Strategic Partnerships are Important
Twenty of NRU’s 50 customers joined power purchasing groups created by the organization to work on serving loads beyond Tier 1 allotments.

Sixteen Northwest co-ops are part of PNGC Power—a joint operating entity that acquires, pools and supplies power.

“We have an ability to manage risk in a number of ways,” says Doug Brawley, senior vice president of BPA supply and member rates. “That includes helping with demand-side management, conservation programs and developing resources as a group.”

Carr says resource development in the region is critical.

“We are only renters of Bonneville Power,” he says. “We pay off the investment, and still we are paying the bill.
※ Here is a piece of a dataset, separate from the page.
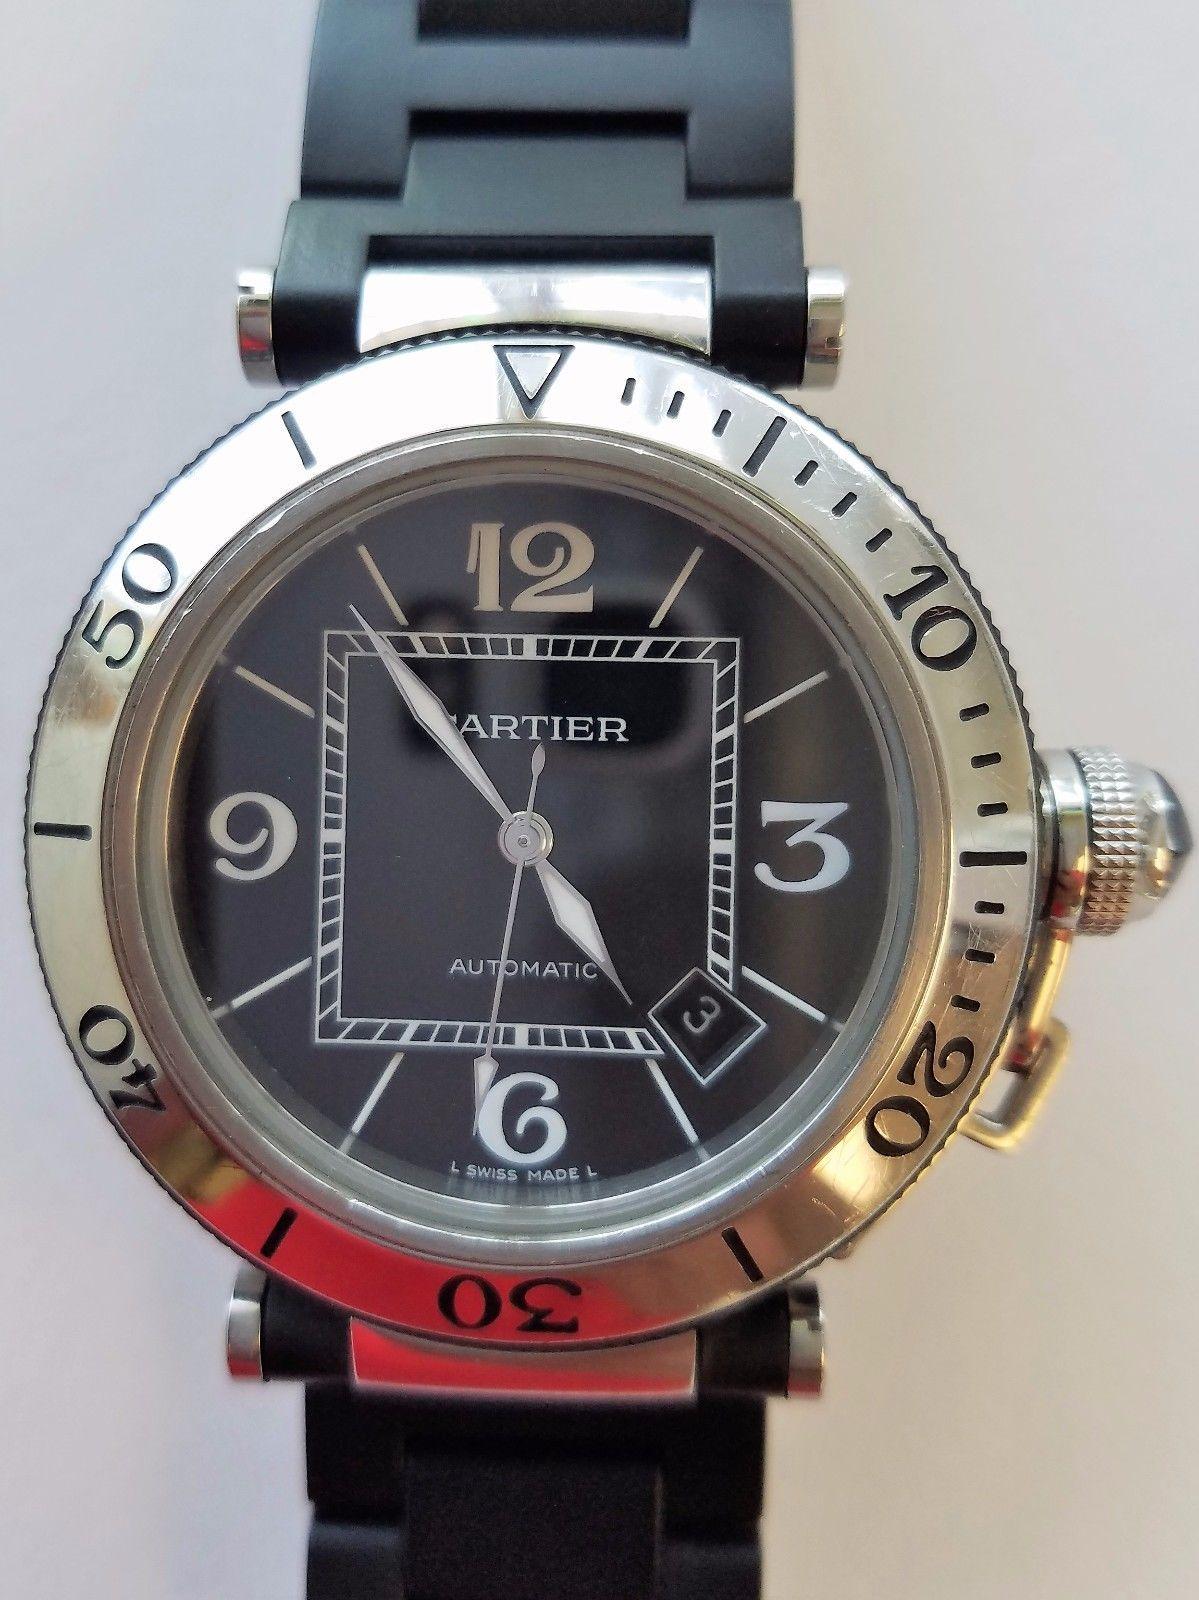 cdf56db249b3 Pre-Owned Cartier Pasha Seatimer Automatic Steel Men s Watch Ref  2790  W31077U2

What do we have to show for it? We really need to think about resources.”

What You Can Do
Because your utility will be billed for both the power used and the time of day it is used, you can help reduce the financial impact on your utility—and your electric bill—in two ways:

  • Use electricity more efficiently.If your utility is able to stretch its allotment of Tier 1 power, it will be less susceptible to the higher-cost Tier 2 power or its alternatives. That means you will pay less.
  • Shift electricity use. If the peaks and valleys of electricity use can be leveled out, your utility will save money. That could be achieved by such things as doing laundry and running the dishwasher at nonpeak times.